From the entries below, copy each line in which the word "will" occurs.

*** Recorded information ***

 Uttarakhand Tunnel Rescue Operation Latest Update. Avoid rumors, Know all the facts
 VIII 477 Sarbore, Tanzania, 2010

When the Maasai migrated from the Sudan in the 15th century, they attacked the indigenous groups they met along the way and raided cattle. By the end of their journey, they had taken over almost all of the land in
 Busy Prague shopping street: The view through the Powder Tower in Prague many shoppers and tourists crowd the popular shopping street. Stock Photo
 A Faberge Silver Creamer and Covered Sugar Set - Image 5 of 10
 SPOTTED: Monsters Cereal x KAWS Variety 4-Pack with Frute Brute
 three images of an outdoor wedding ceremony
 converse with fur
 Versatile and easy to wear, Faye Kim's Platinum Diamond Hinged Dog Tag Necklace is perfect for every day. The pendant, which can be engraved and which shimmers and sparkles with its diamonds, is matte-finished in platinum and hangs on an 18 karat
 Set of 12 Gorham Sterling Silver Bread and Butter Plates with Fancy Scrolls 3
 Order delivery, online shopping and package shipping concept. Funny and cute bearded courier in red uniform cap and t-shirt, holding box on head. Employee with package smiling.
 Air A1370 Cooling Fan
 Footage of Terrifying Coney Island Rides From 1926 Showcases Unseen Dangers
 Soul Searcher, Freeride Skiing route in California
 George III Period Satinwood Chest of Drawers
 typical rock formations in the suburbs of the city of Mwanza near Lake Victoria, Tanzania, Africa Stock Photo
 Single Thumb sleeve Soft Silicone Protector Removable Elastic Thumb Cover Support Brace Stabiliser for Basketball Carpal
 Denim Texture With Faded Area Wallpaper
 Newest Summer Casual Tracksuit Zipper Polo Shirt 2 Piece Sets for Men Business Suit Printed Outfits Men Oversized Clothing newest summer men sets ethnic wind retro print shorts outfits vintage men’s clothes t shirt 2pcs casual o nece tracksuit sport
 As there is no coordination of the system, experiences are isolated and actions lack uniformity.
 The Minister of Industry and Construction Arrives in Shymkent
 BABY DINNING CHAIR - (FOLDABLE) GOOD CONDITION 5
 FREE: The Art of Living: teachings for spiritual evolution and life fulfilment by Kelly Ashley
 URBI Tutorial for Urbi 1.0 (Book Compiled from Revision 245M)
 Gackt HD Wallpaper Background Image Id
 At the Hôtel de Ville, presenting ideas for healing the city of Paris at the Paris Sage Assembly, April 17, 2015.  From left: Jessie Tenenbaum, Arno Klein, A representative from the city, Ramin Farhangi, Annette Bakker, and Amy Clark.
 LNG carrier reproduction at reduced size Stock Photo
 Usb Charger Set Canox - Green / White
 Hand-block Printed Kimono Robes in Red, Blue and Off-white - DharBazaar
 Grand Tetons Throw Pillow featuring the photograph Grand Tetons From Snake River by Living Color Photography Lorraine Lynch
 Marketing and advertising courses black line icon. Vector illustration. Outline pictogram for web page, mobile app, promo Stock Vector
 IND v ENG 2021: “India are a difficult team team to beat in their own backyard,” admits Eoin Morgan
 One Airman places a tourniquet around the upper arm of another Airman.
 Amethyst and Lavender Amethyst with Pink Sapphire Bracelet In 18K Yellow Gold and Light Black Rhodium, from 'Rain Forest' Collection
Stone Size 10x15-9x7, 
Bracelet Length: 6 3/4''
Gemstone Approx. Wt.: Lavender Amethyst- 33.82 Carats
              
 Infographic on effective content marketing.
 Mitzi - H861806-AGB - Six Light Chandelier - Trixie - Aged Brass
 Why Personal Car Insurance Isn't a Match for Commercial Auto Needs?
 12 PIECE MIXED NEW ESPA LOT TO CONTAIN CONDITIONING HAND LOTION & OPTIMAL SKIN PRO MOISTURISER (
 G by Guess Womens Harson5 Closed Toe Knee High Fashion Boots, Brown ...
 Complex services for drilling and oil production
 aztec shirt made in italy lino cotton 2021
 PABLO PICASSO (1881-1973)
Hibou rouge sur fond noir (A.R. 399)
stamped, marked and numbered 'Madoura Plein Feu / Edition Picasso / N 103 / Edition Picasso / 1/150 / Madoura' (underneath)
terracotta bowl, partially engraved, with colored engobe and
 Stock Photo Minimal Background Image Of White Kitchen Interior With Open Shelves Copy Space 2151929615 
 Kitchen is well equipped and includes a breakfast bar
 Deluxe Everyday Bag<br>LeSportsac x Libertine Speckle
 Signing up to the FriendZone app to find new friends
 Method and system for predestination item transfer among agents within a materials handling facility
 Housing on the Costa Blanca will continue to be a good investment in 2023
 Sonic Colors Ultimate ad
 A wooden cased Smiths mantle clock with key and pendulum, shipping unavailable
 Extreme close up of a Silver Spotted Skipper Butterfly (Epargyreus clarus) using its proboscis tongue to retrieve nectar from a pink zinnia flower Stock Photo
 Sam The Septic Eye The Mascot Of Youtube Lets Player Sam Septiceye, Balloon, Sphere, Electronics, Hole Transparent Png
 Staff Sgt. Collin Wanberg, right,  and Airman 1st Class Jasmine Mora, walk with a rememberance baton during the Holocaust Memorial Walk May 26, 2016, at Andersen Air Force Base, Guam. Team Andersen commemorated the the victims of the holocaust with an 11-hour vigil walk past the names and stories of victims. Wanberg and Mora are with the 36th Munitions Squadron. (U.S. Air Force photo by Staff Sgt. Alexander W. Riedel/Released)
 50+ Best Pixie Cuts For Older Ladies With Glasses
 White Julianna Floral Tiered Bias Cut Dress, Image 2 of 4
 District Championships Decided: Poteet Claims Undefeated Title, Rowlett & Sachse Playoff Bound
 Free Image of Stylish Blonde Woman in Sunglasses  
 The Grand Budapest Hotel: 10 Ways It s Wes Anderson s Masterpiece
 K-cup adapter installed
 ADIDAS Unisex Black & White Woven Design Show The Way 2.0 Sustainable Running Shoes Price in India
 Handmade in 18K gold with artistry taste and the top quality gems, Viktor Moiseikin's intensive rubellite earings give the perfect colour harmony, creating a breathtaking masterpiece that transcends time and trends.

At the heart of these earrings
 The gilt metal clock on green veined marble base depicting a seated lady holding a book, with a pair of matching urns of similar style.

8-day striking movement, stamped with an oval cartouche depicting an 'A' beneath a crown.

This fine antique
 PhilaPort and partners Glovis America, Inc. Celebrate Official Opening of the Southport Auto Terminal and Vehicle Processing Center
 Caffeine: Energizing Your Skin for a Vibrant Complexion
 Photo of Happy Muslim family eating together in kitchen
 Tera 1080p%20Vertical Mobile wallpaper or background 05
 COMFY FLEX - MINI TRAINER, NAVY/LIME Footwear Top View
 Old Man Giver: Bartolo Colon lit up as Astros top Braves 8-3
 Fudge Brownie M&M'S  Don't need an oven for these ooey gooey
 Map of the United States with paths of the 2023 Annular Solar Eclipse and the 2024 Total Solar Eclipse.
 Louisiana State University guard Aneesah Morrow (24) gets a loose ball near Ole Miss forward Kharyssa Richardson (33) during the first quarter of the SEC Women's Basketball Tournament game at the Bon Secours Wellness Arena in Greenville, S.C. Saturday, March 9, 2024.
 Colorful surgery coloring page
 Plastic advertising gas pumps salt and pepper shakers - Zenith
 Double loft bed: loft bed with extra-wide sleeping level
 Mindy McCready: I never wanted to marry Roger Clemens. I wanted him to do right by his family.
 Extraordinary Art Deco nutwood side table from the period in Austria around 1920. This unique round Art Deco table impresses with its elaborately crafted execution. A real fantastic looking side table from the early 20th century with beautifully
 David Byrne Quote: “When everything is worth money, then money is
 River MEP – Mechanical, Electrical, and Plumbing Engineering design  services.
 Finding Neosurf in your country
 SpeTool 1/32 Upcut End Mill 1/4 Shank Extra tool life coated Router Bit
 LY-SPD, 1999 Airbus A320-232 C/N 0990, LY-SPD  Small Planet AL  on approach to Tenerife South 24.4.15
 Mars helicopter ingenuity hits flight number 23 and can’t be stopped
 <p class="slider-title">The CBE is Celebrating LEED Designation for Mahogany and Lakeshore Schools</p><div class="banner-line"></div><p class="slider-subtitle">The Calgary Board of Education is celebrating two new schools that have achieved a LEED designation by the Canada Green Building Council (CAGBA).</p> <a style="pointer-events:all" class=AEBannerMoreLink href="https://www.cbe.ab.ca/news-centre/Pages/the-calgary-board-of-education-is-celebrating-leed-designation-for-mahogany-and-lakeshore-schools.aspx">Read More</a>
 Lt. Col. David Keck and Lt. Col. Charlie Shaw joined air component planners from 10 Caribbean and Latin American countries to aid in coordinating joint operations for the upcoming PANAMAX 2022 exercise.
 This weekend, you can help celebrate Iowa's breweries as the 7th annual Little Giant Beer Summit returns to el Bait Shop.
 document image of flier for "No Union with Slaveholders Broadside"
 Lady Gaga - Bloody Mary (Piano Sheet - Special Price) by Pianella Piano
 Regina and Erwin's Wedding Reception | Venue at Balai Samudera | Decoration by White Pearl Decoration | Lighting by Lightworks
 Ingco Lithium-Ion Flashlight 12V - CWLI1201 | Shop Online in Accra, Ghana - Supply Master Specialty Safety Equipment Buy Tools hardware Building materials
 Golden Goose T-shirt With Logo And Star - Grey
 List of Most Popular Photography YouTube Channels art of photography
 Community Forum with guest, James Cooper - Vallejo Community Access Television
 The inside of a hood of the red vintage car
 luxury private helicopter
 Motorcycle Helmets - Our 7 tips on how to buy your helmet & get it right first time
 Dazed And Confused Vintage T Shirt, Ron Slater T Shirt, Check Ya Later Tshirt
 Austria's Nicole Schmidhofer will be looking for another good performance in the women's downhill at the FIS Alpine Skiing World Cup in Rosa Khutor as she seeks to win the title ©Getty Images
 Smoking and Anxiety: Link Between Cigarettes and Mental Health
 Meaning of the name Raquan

***

Answer to the exercise -
 Housing on the Costa Blanca will continue to be a good investment in 2023
 Austria's Nicole Schmidhofer will be looking for another good performance in the women's downhill at the FIS Alpine Skiing World Cup in Rosa Khutor as she seeks to win the title ©Getty Images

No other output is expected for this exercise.